Task brief – Leave the pictures out. Retype exactly the lines below from the one containing "Knocked Him Out" through the one containing "Chanel Holiday 2017", and no others.

Extracted data –
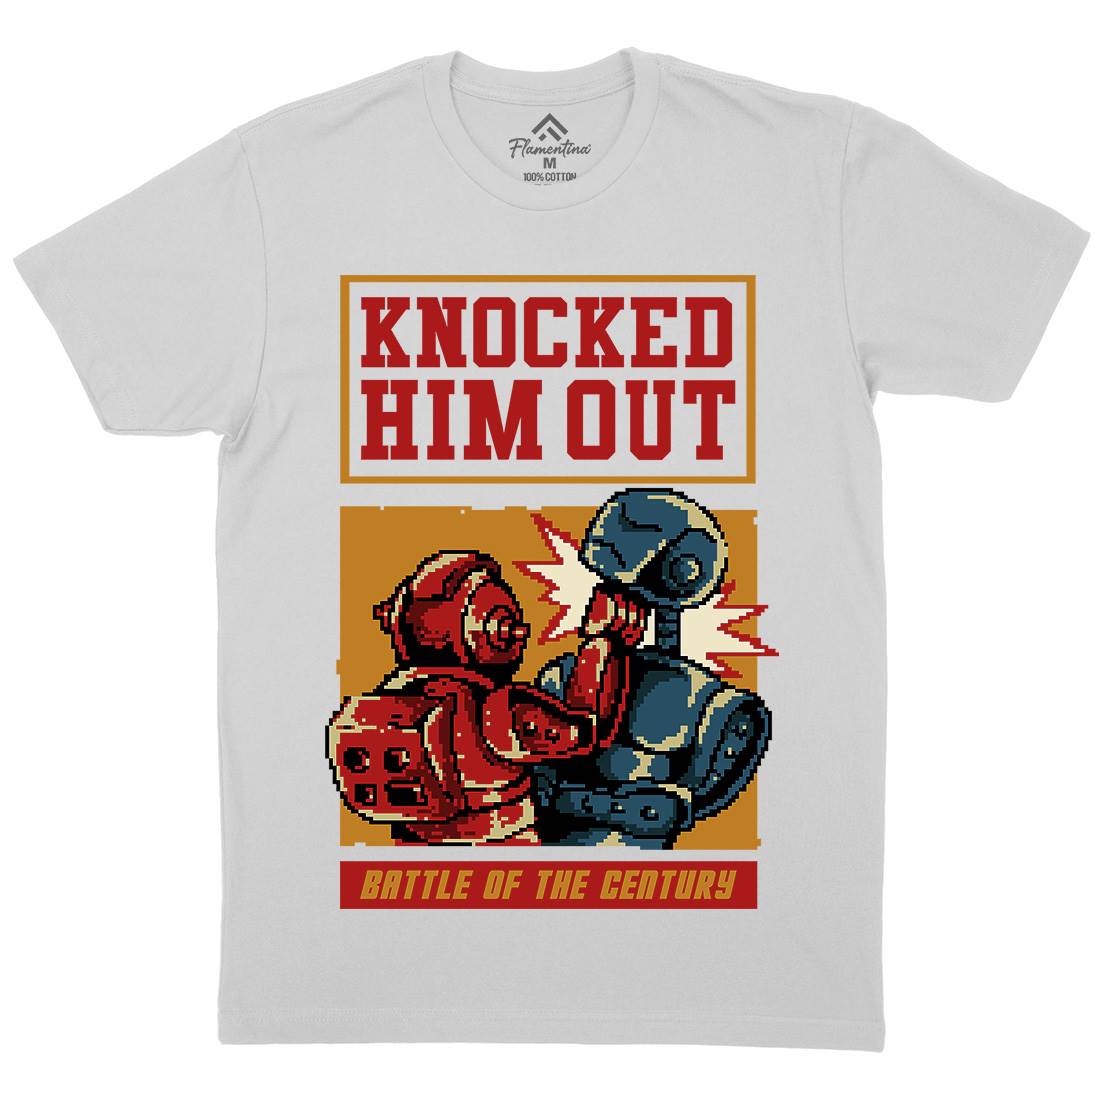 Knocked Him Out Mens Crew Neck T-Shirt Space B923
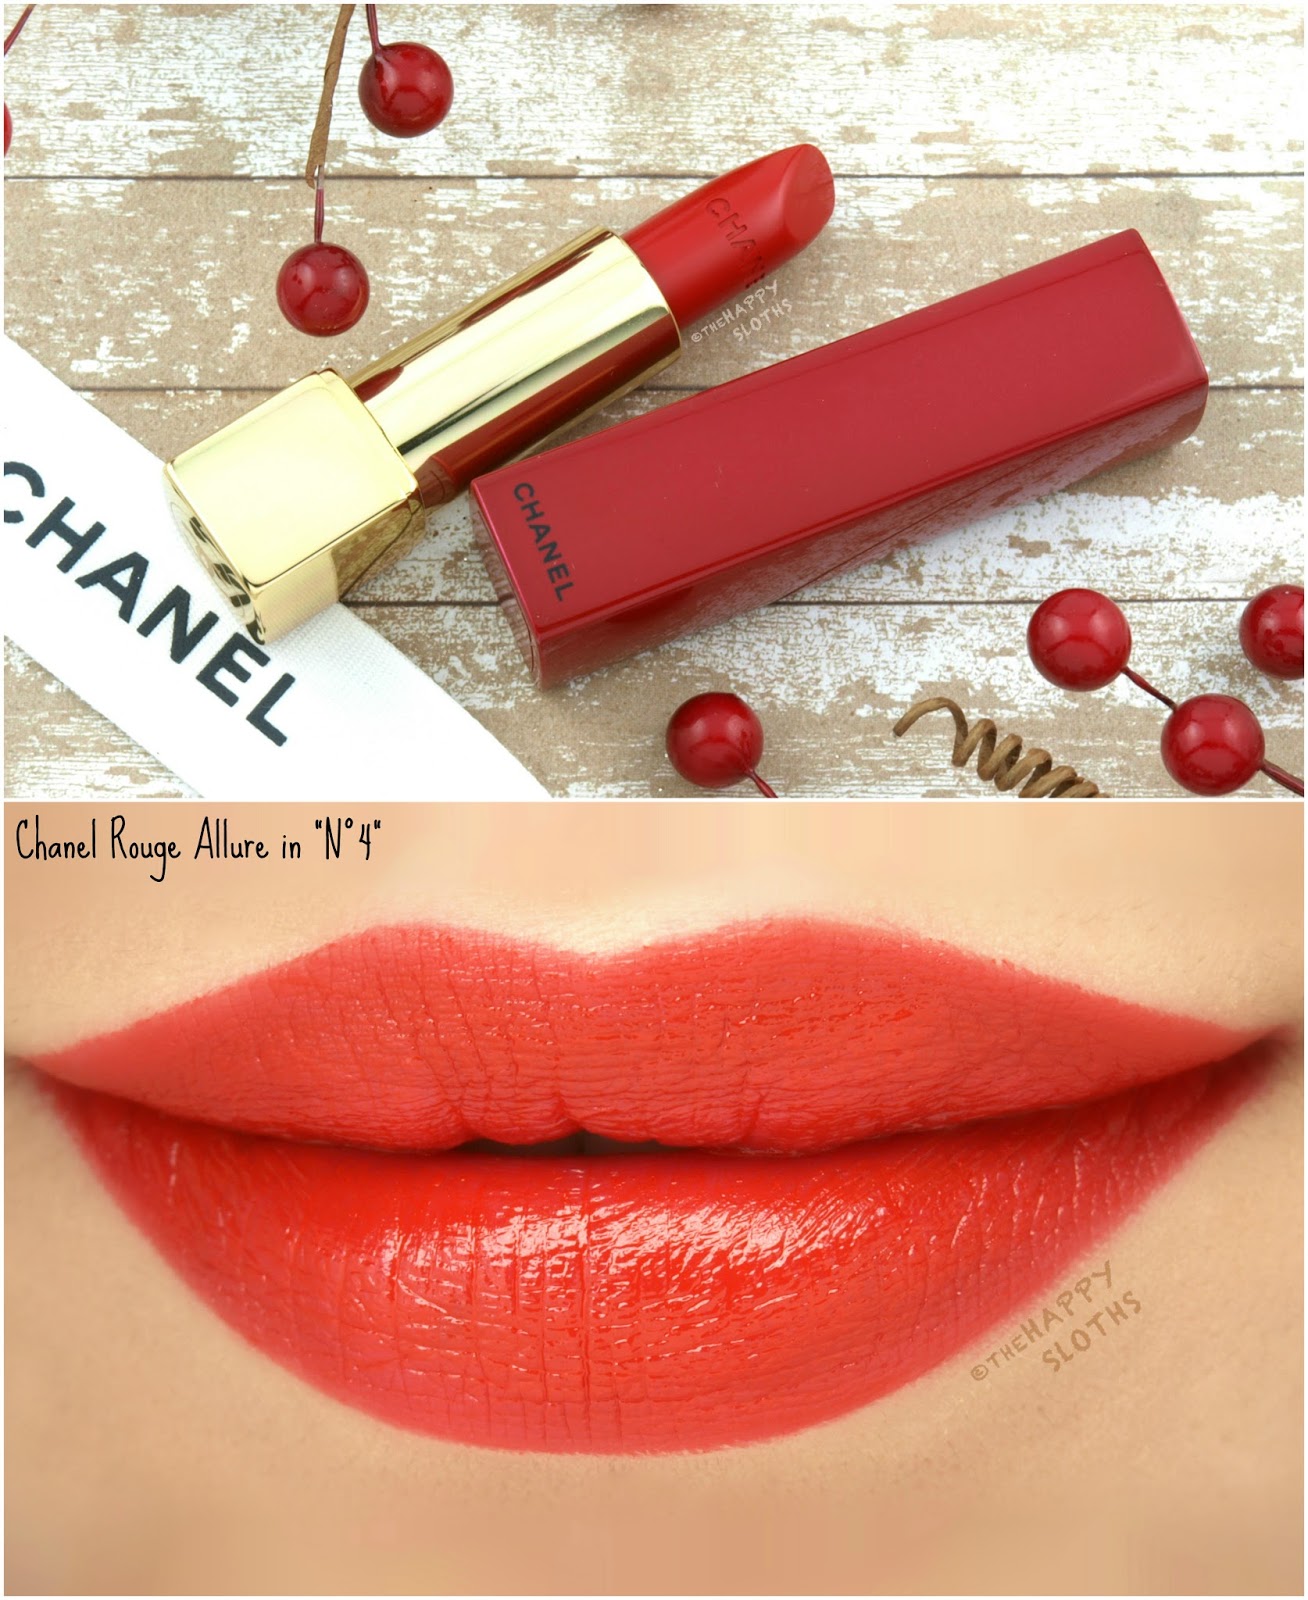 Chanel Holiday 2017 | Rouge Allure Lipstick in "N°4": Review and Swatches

---

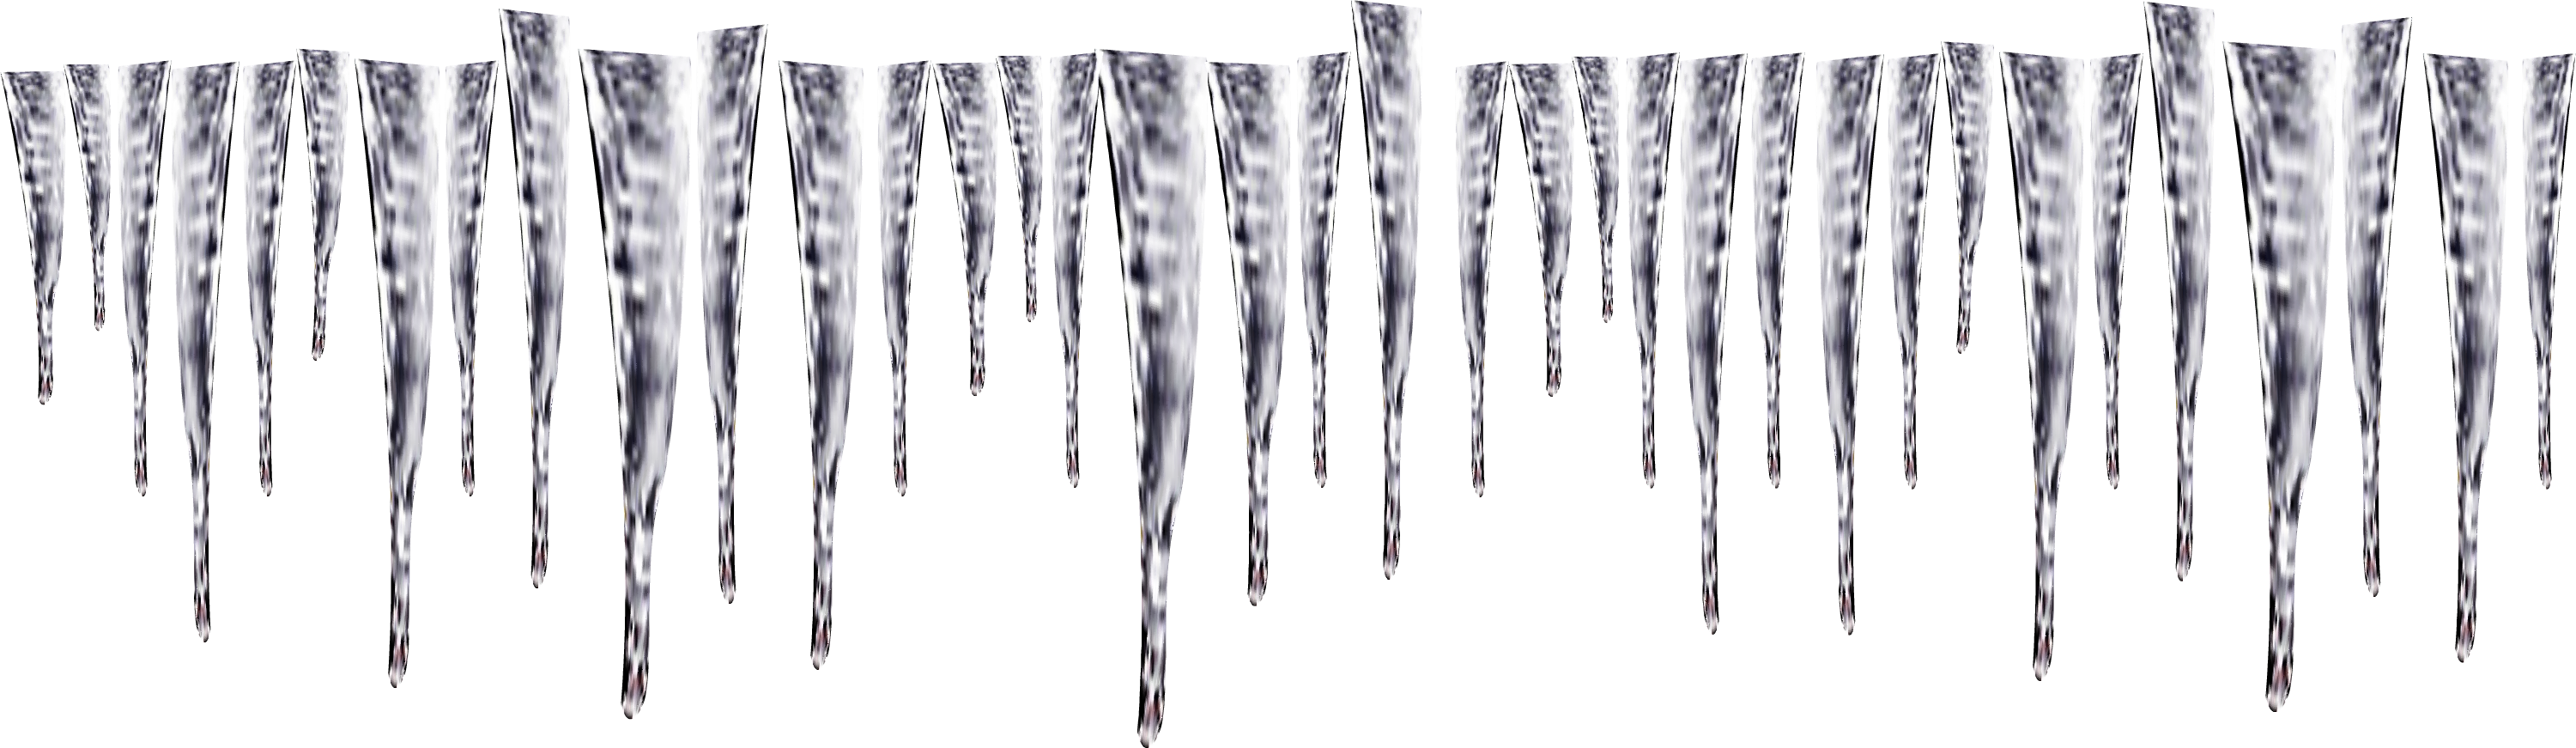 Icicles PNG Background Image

Finished task –
 Knocked Him Out Mens Crew Neck T-Shirt Space B923
 Chanel Holiday 2017 | Rouge Allure Lipstick in "N°4": Review and Swatches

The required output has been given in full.